JOURNAL ENTRY AND OPINION {¶ 1} Defendant Joseph Thomas appeals from his convictions for robbery, failure to comply with the order of a police officer, escape, obstruction of official business and receiving stolen property. For the reasons set forth below, we affirm defendant's convictions but remand for re-sentencing.
{¶ 2} On August 4, 2003, defendant was indicted pursuant to a five-count indictment in connection with the theft of a vehicle belonging to Denise Drenski. In Count One, defendant was charged with aggravated robbery with a notice of prior conviction and a repeat violent offender specification. In Count Two, defendant was charged with failure to comply with the order of a police officer. Counts Three and Four charged him with escape and obstructing official business, respectively, and Count Five charged him with receiving stolen property. Defendant pled not guilty and the matter proceeded to a jury trial on December 8, 2003. As trial commenced the state amended the aggravated robbery charge to robbery and the court permitted the defense to bifurcate the specifications.
{¶ 3} Denise Drenski testified that, at approximately 8:30 a.m. on June 25, 2003, she stopped at a pay phone at West 117th Street and Weston to call her boyfriend and let him know that she was on her way to his apartment. As she stood at the pay phone, defendant approached from the rear, struck her in the area of her lower neck and upper back. Drenski fell to the ground, striking her knee. Defendant got into her vehicle and looked directly at Drenski as he fled. Drenski stated that she clearly observed defendant, and noticed that he was wearing a green shirt and baseball cap.
{¶ 4} Drenski further testified that she called police from the pay phone and described her assailant, the car, and the direction in which he fled. She then walked the remainder of the distance to her boyfriend's house. Approximately twenty minutes later, the police informed her that they stopped a man driving her car in the area of West 76th Street and Colgate. Drenski went to the area and identified defendant as her assailant. According to Drenski, defendant was wearing the same clothing she had observed earlier and she was positive that he was the attacker.

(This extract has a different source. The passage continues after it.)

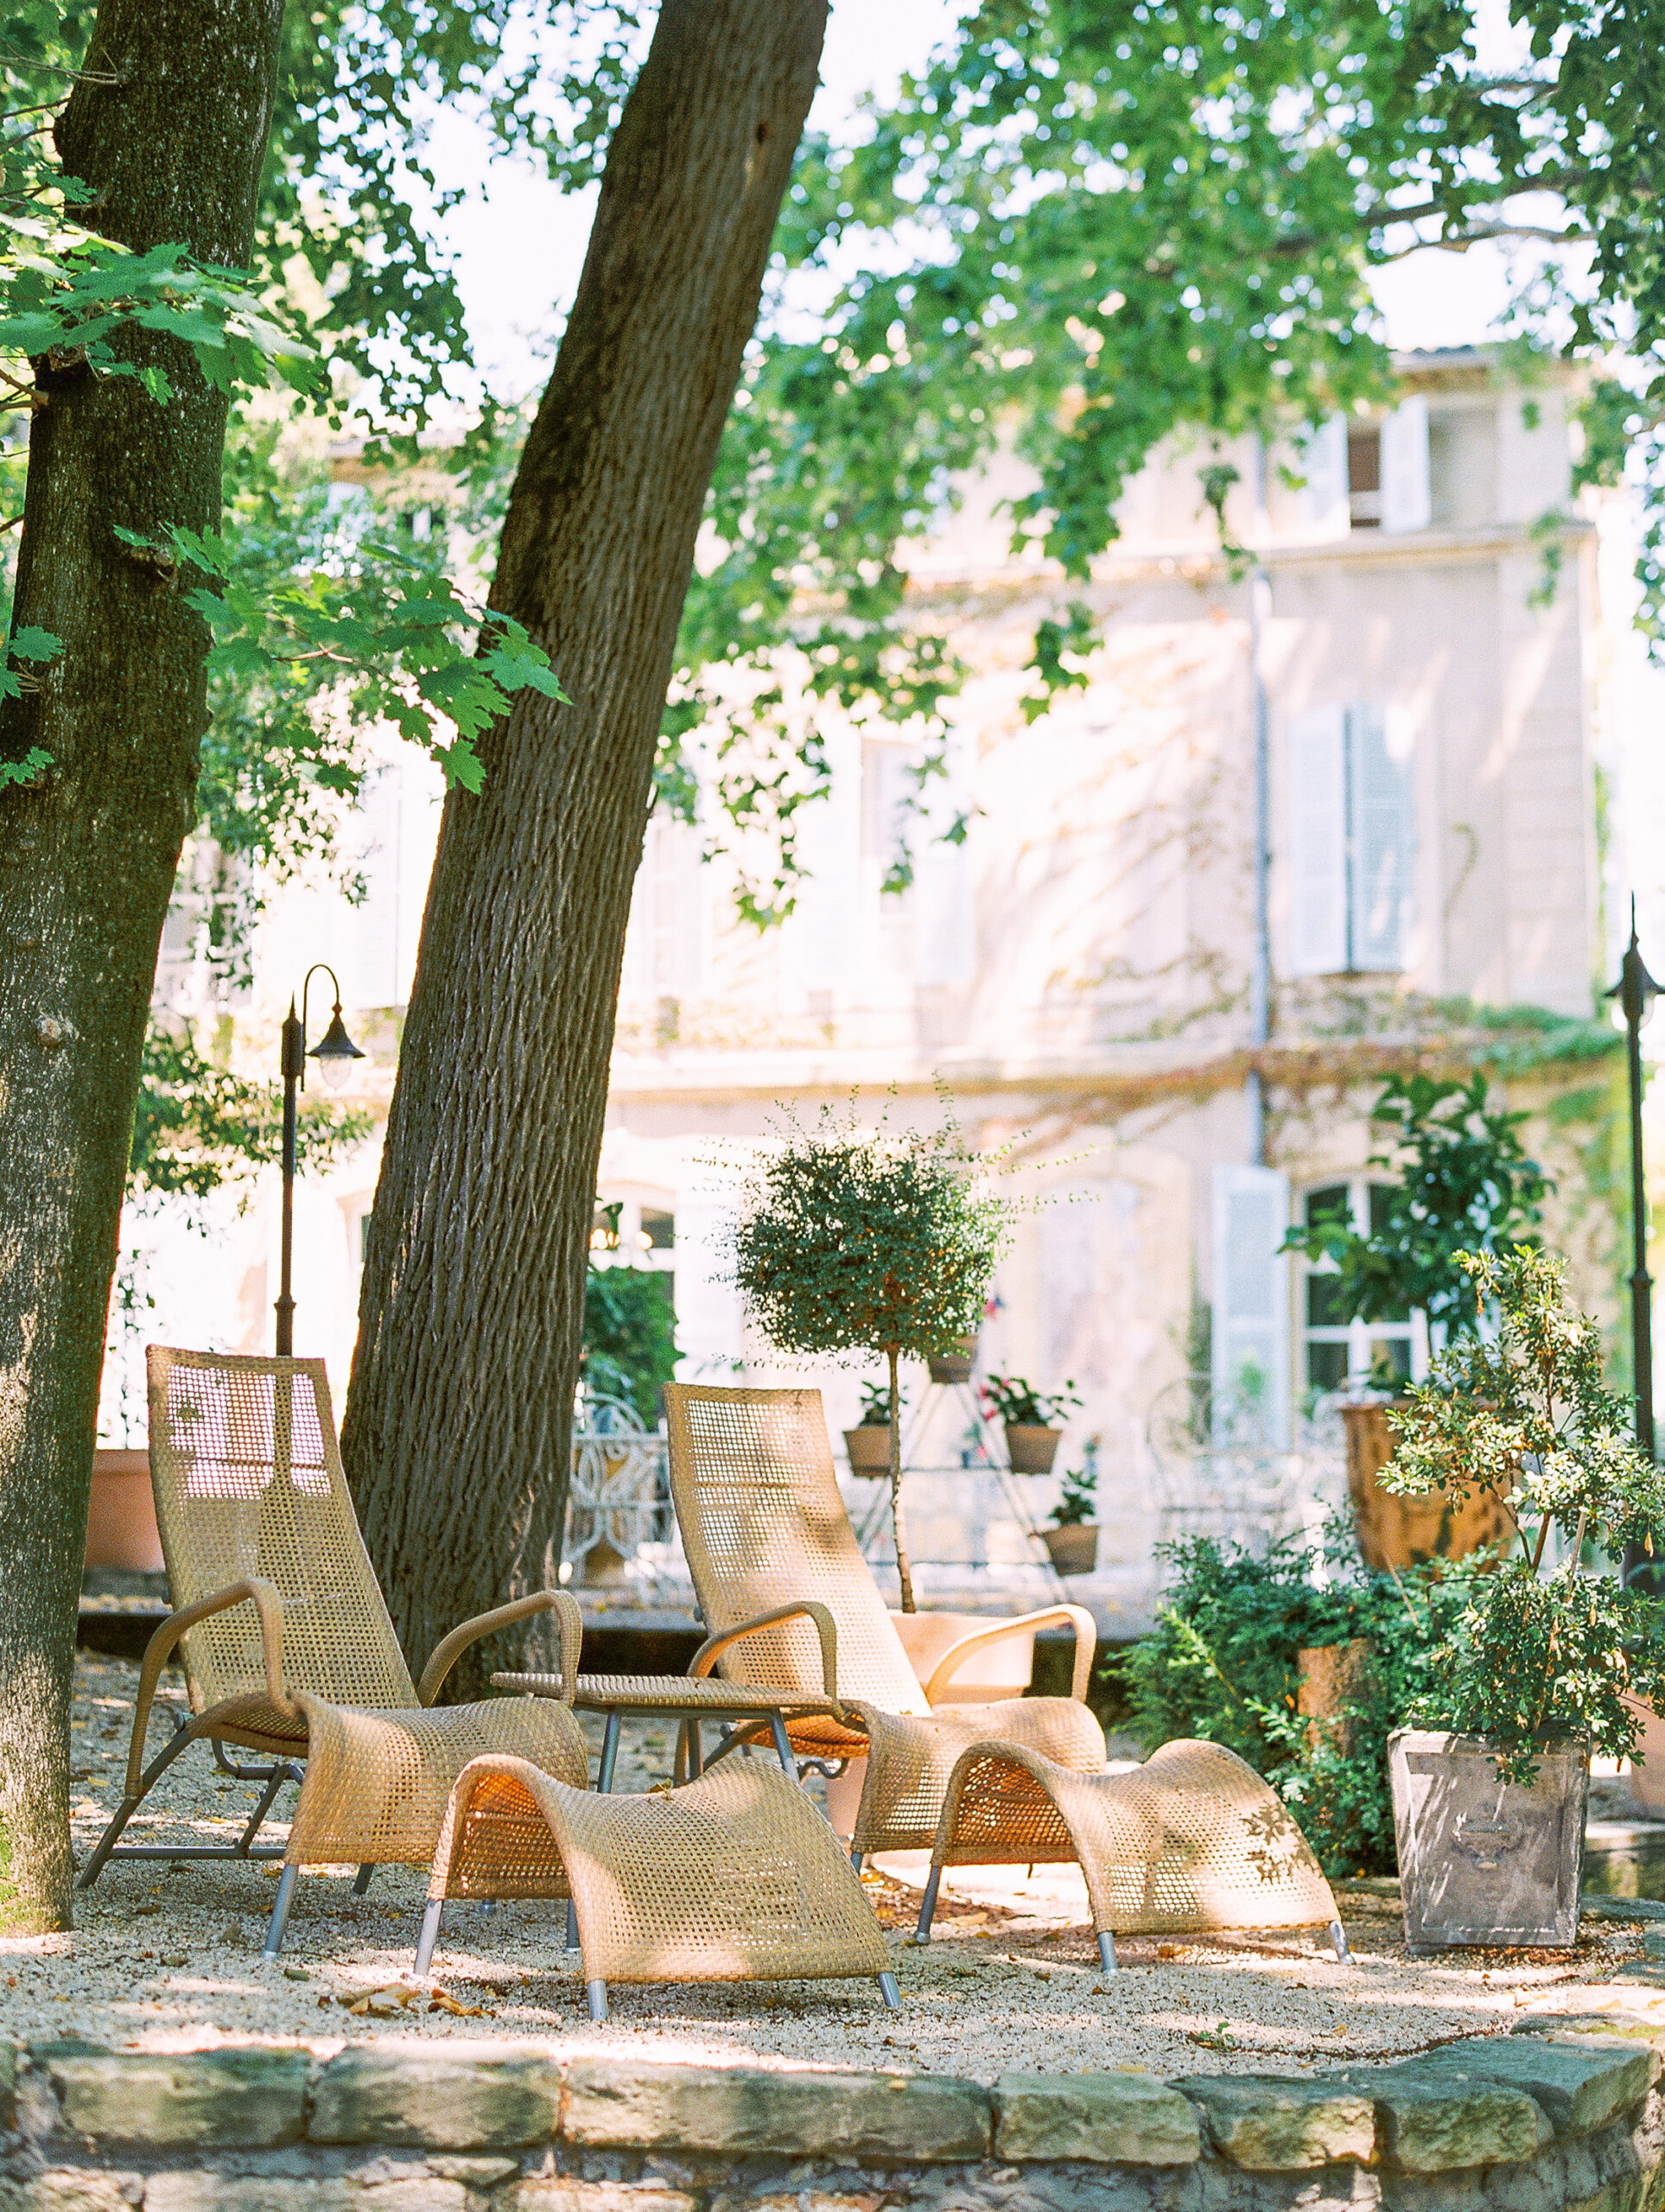 summer in provence louge chairs under dappled sunlight with large shady trees

{¶ 5} The police officers at the scene recovered Drenski's credit cards from defendant's pocket, but other items were missing from the car, including Drenski's portable DVD player, purse, cell phone and wallet.

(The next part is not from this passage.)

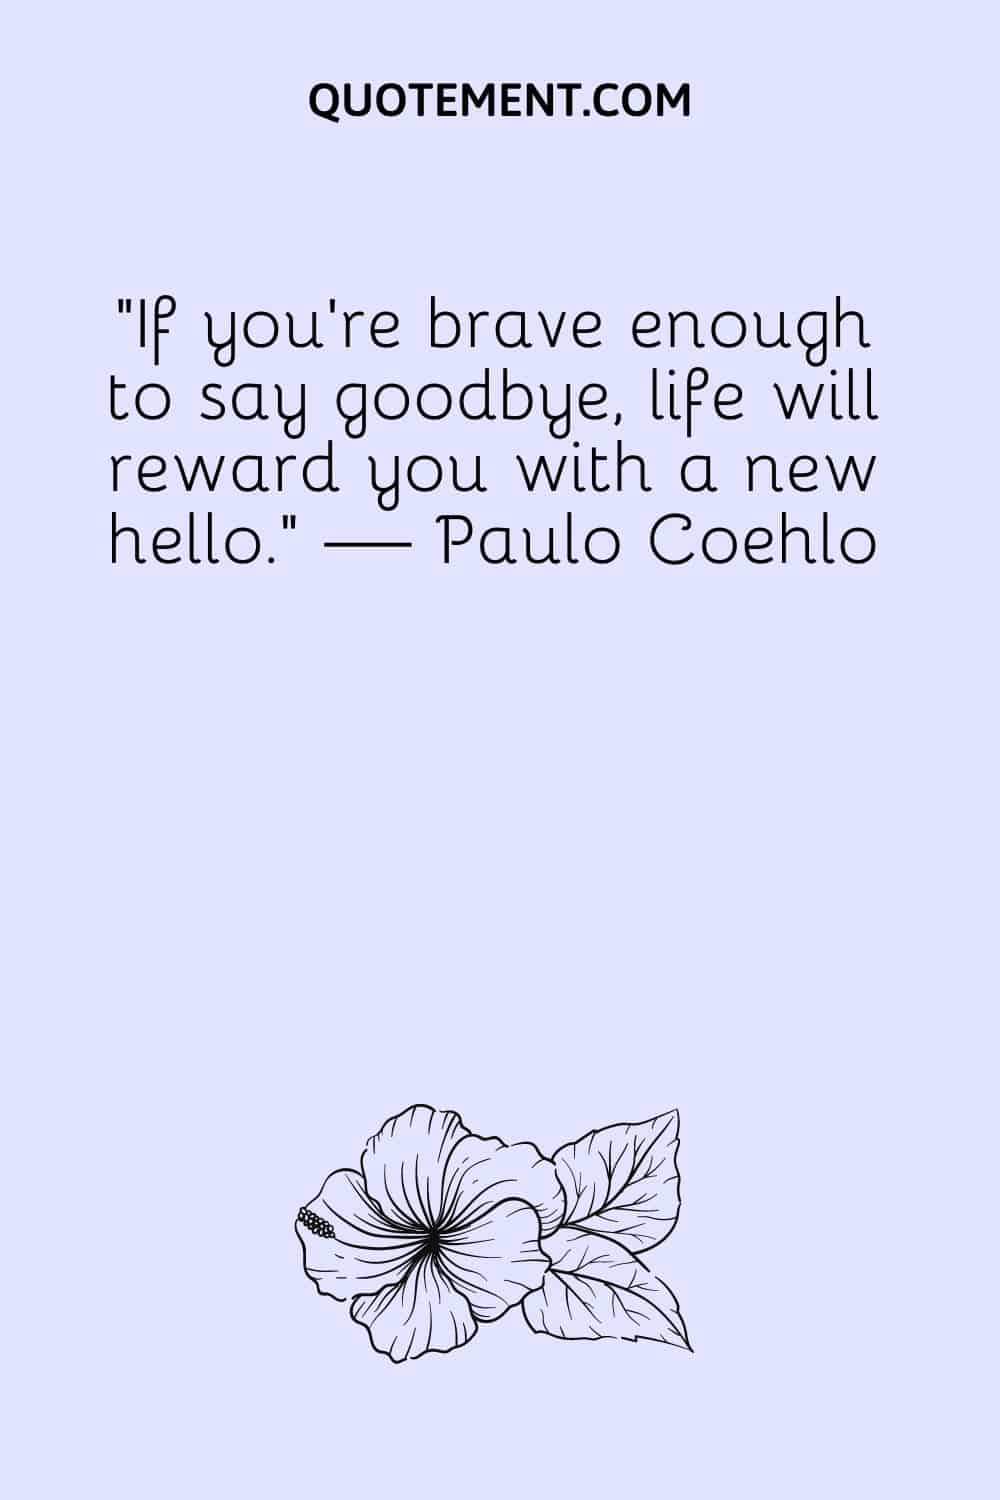 life will reward you with a new hello

{¶ 6} On cross-examination, Drenski admitted that she did not go to the hospital for her injuries.
{¶ 7} Cleveland Police Officer Annette Godfrey testified that she responded to a radio broadcast concerning the incident. According to Godfrey, Drenski was upset and crying but provided a description of the assailant, including his clothing.

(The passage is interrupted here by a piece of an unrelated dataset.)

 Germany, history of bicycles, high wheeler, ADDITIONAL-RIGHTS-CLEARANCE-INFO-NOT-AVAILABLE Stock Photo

{¶ 8} Cleveland Police Officer Donald Wellinger testified that he also spoke with Drenski and obtained a description of her car and its license plate number. At approximately 9:20 a.m., he observed the car proceeding northbound on West 65th Street. He activated his overhead lights and siren to stop the vehicle. The driver sped up, however, driving through stop signs and traffic lights. Wellinger and his partner continued to follow the vehicle until it ultimately crashed into a pole at West 76th Street and Elton. Drenski identified the driver as her assailant, and the officers then took him to the hospital. At this time, his hands were cuffed behind his back. Later, as they proceeded to the Justice Center, Wellinger noted that defendant was now handcuffed with his hands in the front of his body. As Wellinger opened the car door for defendant, he fled. The officers apprehended him in the parking lot of the Justice Center. Later during booking, defendant gave the officer incorrect names and dates of birth.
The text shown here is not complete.